• TASK PROMPT: Leave out the pictures and set down the rest of the listing below word for word.

• INFORMATION SUPPLIED:
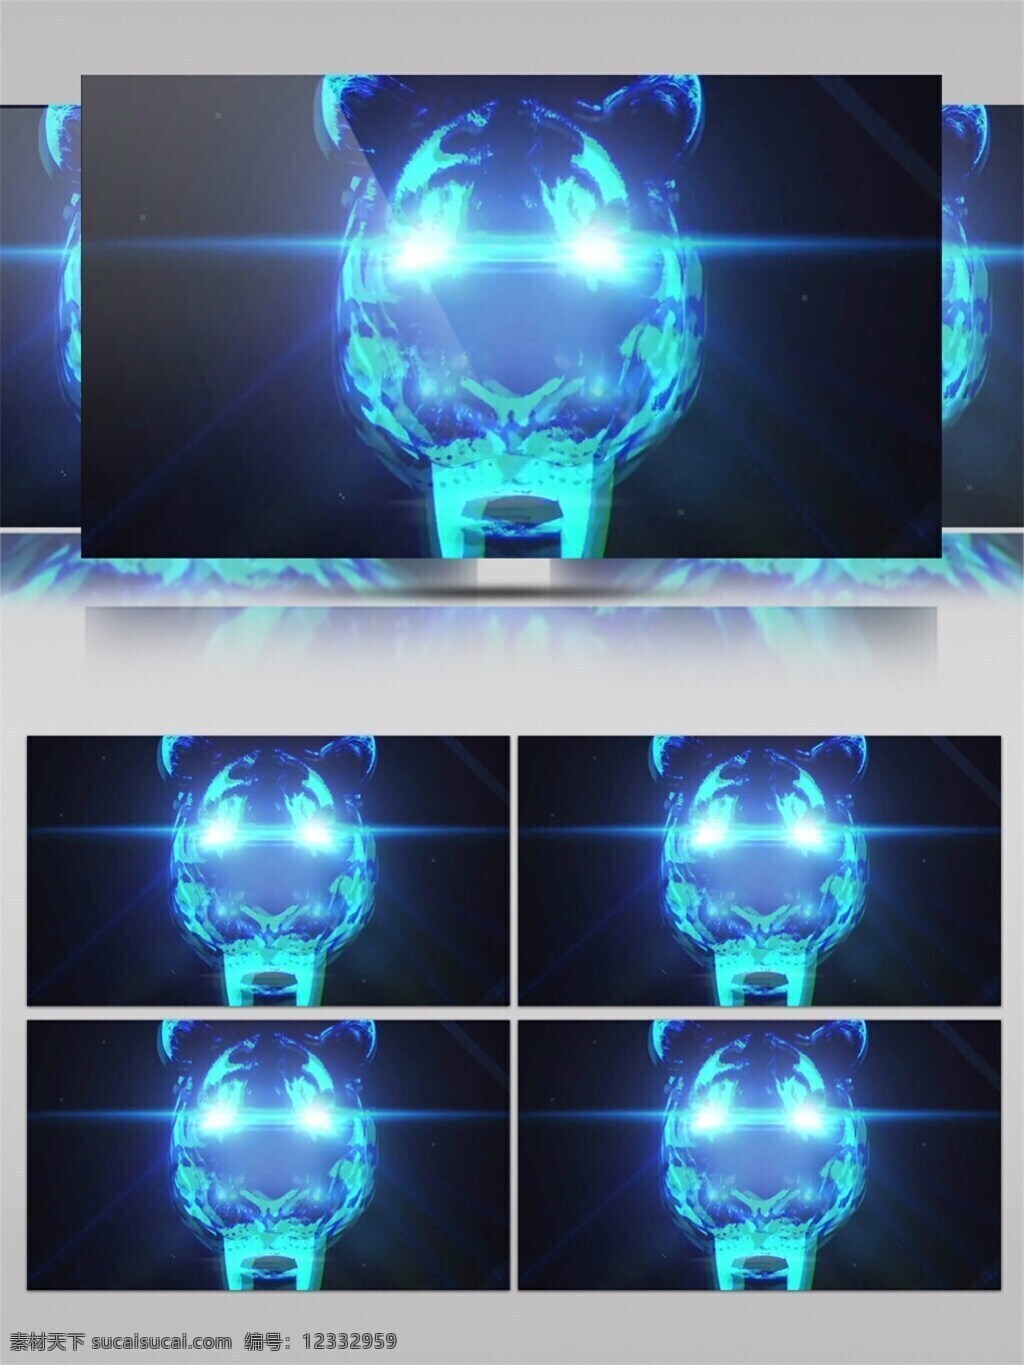 蓝光 猫咪 高清 视频 3d视频素材 浮光掠影 光斑碎点 漂浮光 炫酷蓝光
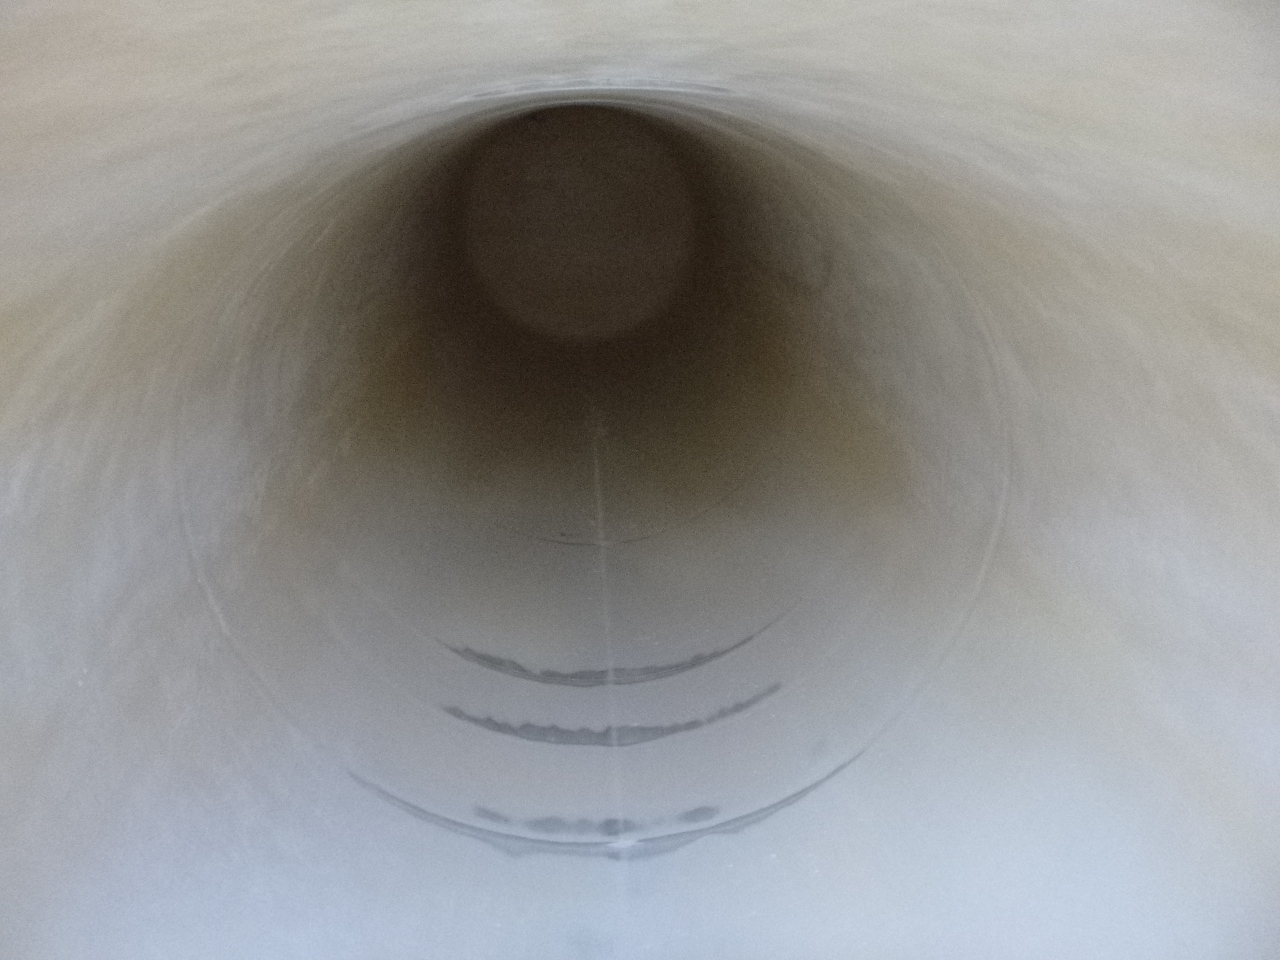 Poluprikolica cisterna za prijevoz brašna Feldbinder Powder tank alu 60 m3 (tipping): slika Poluprikolica cisterna za prijevoz brašna Feldbinder Powder tank alu 60 m3 (tipping)
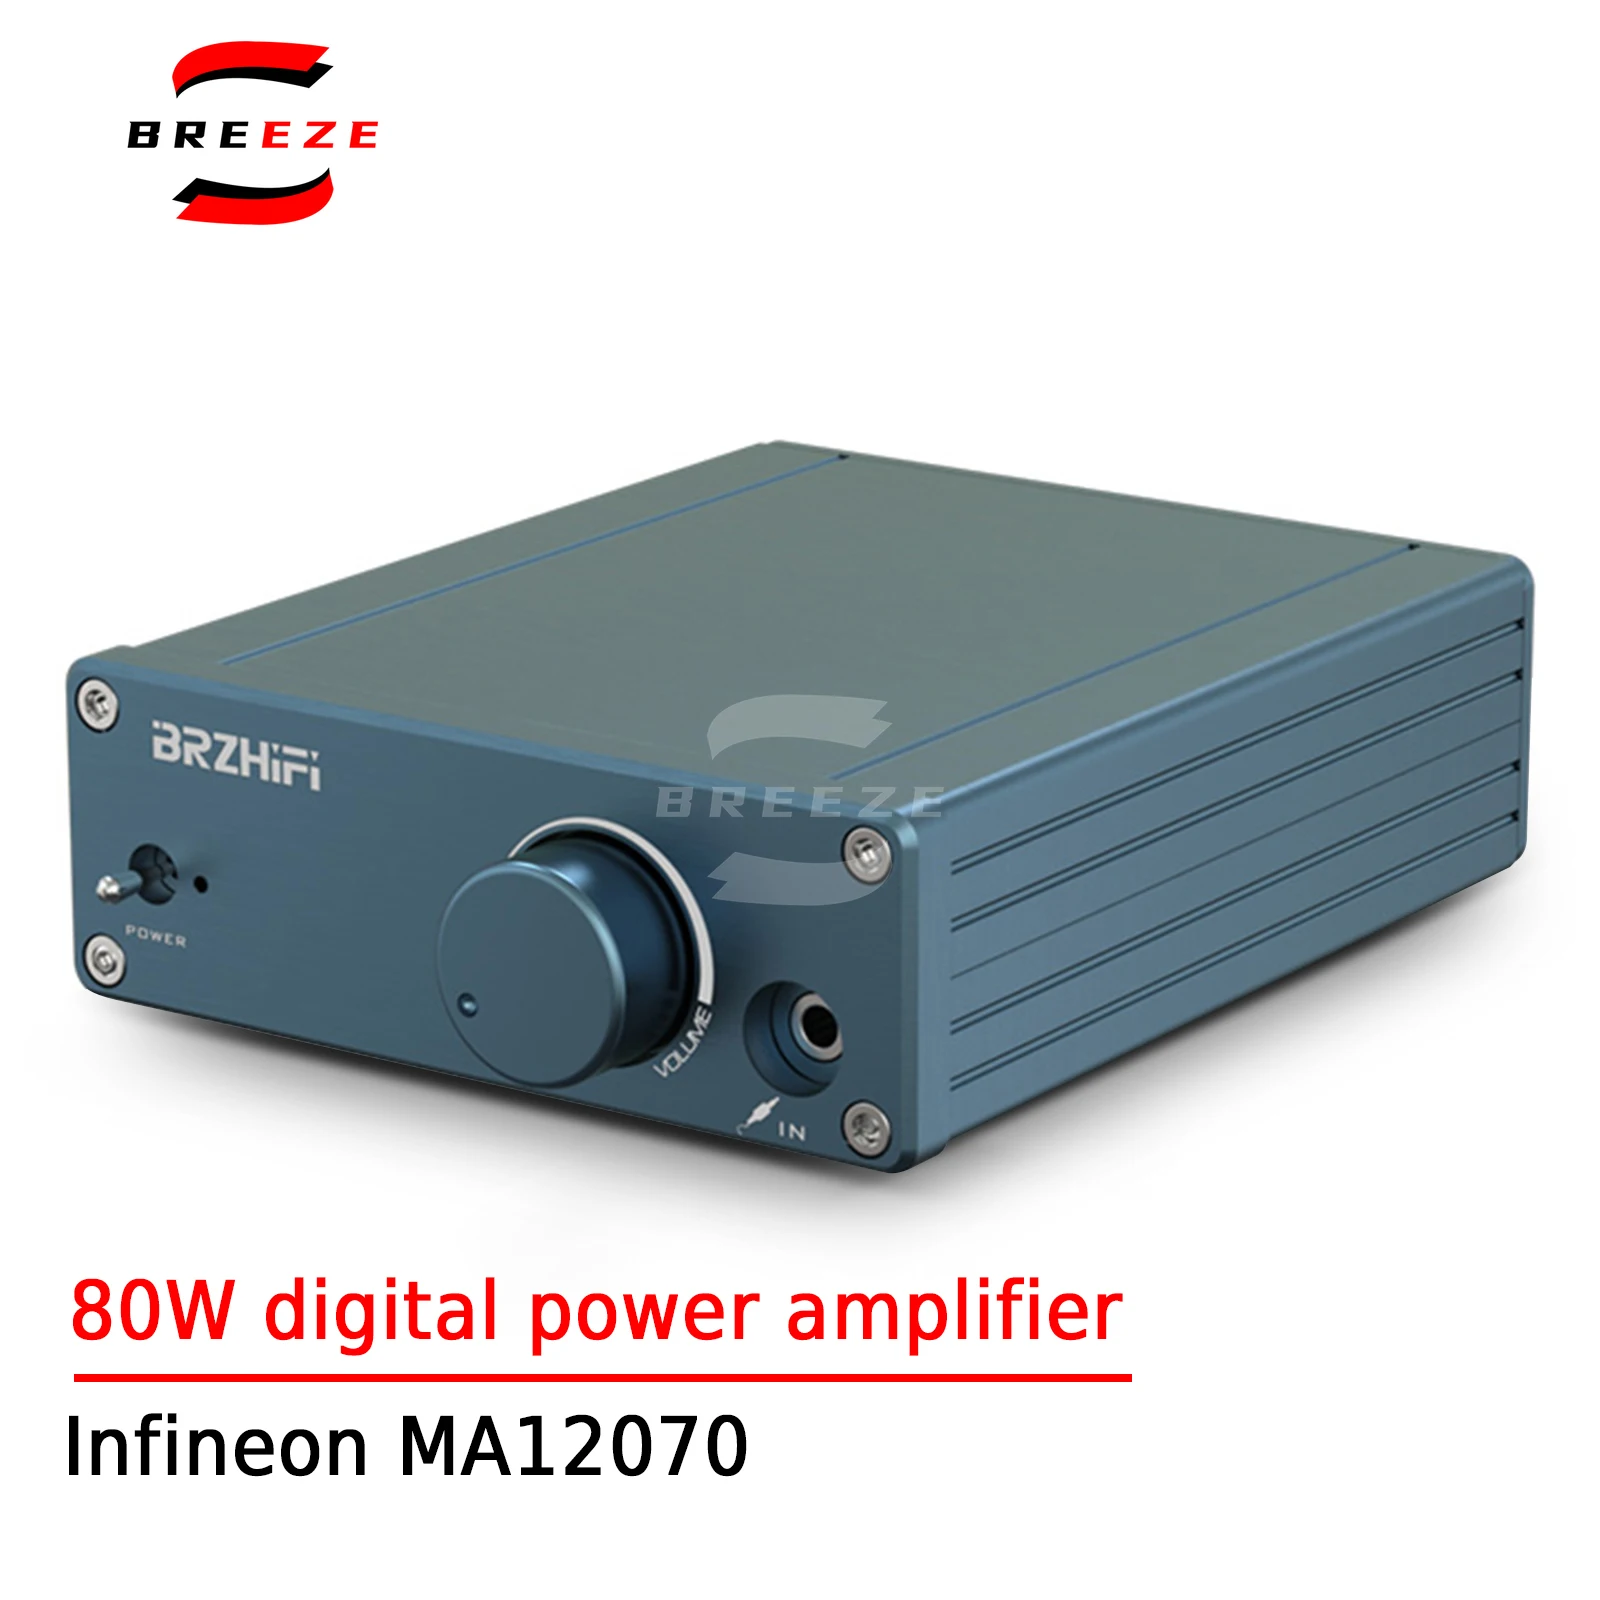 

BREEZE HIFI 80W Low-distortion Digital Amplifier Infineon MA12070 Ultra TPA3116 Audio Home Digital Amplifier

• RESULT OF THE TASK:
 蓝光 猫咪 高清 视频 3d视频素材 浮光掠影 光斑碎点 漂浮光 炫酷蓝光
 Poluprikolica cisterna za prijevoz brašna Feldbinder Powder tank alu 60 m3 (tipping): slika Poluprikolica cisterna za prijevoz brašna Feldbinder Powder tank alu 60 m3 (tipping)

BREEZE HIFI 80W Low-distortion Digital Amplifier Infineon MA12070 Ultra TPA3116 Audio Home Digital Amplifier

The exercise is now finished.